A different statistical snag led to the aforementioned voodoo correlations. These false associations between brain and behavior arose because researchers used the same dataset to both discover a trend and to use the newly discovered trend to make predictions. It’s obviously a problem that many headline-grabbing studies (several were published in top journals) made this mistake. Here again, though, the error is not unique to brain imaging. The same kind of double-dipping happens in epidemiology, genetics, and finance. For example, some economists will use a dataset to group assets into portfolios and then use the same dataset to test pricing models of said assets.

Perhaps the stickiest criticism lodged against brain imaging is the idea that it is more “seductive” to the public than other forms of scientific data. One 2008 study reported that people are more likely to find news articles about cognitive neuroscience convincing if the text appears next to brain scans, as opposed to other images or no image. “These data lend support to the notion that part of the fascination, and the credibility, of brain imaging research lies in the persuasive power of the actual brain images themselves,” the authors wrote. Farah points out, however, that four other laboratories (including hers) have tried — and failed — to replicate that study.
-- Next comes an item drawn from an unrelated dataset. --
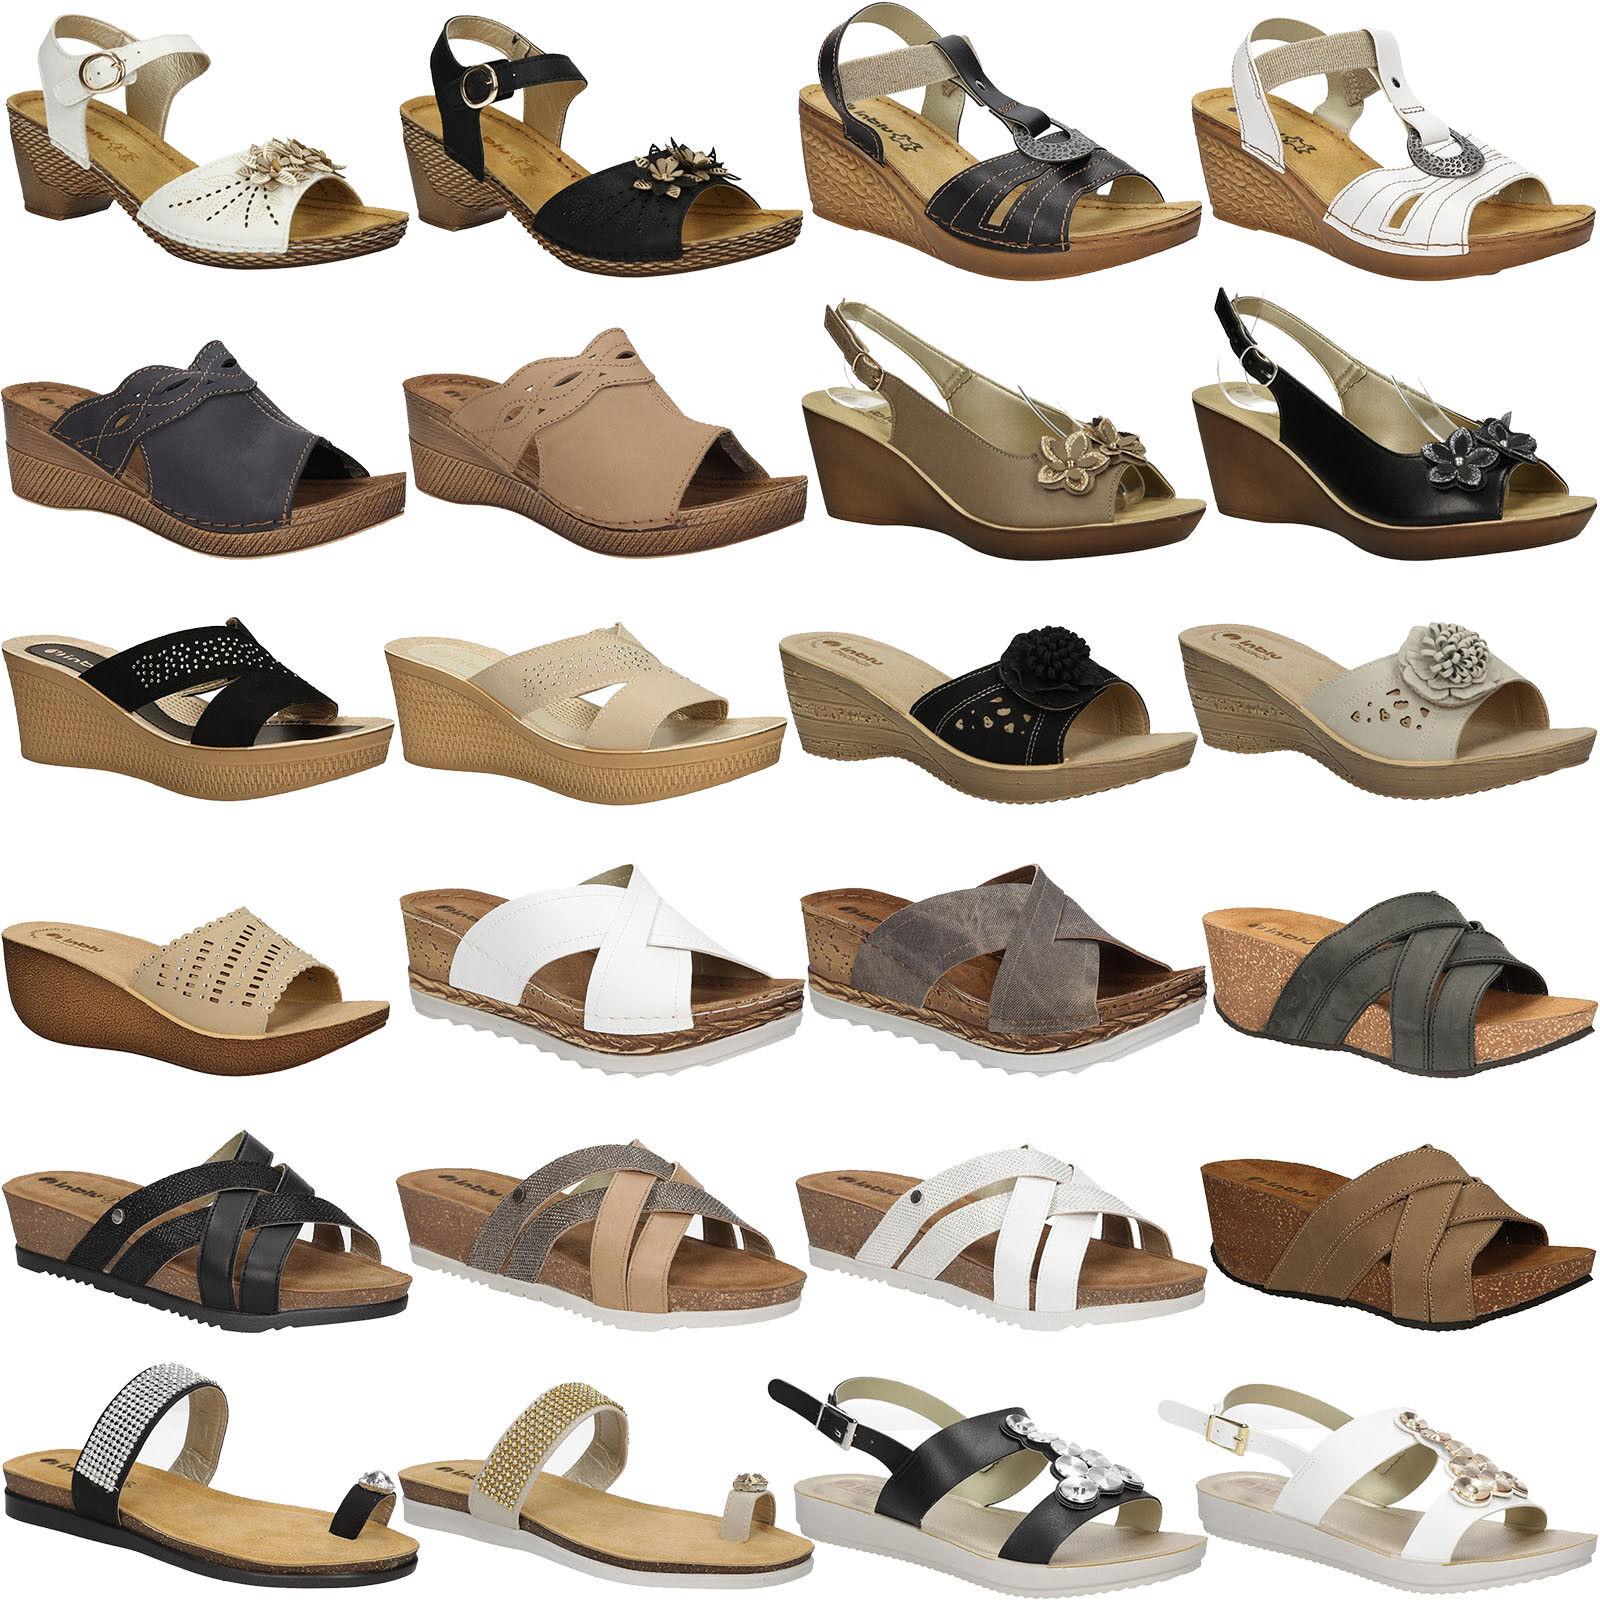 Damen Sandaletten Inblu Pantoletten Sommer Modisch Komfortable Gr. 36-41 SALE

Anecdotally, I’ve certainly noticed that my non-scientist friends are often awe-struck regarding brain imaging in a way that they aren’t with, oh, optogenetics. But even if that’s the case, and brain imaging is especially attractive to the public, why would that be a valid argument against its continued use? It would be like saying that because the public is interested in genetic testing, and because genetic testing is often misinterpreted, scientists should stop studying genetics. It doesn’t make much sense.

Brain imaging isn’t a perfect scientific tool; nothing is. But there are many good reasons why it has revolutionized neuroscience over the past few decades. We — the media, the public, scientists themselves — should always be skeptical of neuroimaging data, and be quick to acknowledge shoddy statistics and hype. Just as we should for data of any kind.